The fixed expenses in this hotel at this point are many. We are already running a house count of 285 rooms and occupancy of 96.6 percent. All the costs for the following under this scenario are fixed. In other words—and this is the pivot point—it will cost no additional dollars on any of the following items to take those last 10 rooms:
- Front desk, guest services, reservations payroll
- Cable television
- Contract services
- Linen and uniform purchases
- Equipment purchase
- Decorations
- All overhead expenses and payroll
- All owner expenses
The truly purely variable expenses:
- Room attendant payroll and benefits
- Linen cleaning
- Guest supplies
- Papers
- Cleaning supplies
- Travel agent commissions
- Reservation fees
- Credit card commissions
- Brand fees
- Energy (some variable)
That’s it for our costs to take the last 10 rooms.

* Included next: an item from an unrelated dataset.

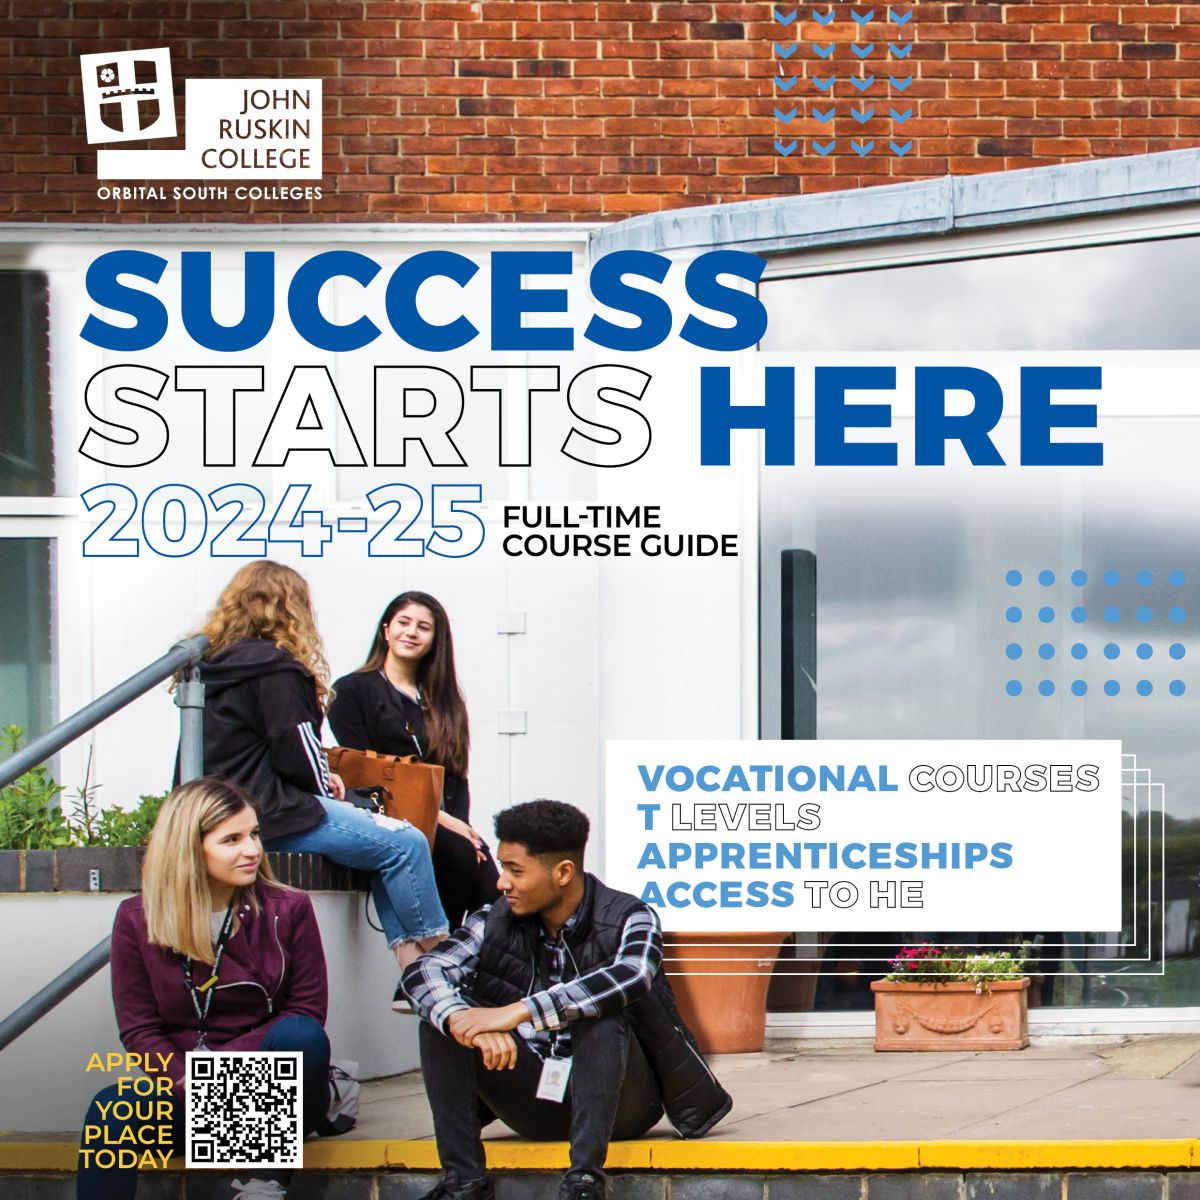 Full-time course guide cover

Let’s look at the chart below for a summary:
The chart clearly shows the individual costs for the variable items and the incremental profit from the sale of each room. For an annual picture let’s look at the impact on profits if the hotel was able to sell these 10 rooms half the days of the year:
(180 days x 10 rooms x $117) = $210,600 in additional profit that goes straight to the bottom line
This boosts the NOP closer to 10 percent. The real impact is an additional profit of the $210K, which adds an additional $2.6 million in asset value using a very modest capitalization rate of 8:
(8/100 = 12.5), therefore 12.5 x 210,600 = $2,632,500
When you think about your current selling policy as it relates to last-minute inventory, make sure you have a good handle on the real variable costs to sell those last-minute rooms. Don’t be confused by the big fixed cost per room stickers.
Know there is a balance between building the base, yielding the inventory in the largest demand period, and selling those last rooms more often.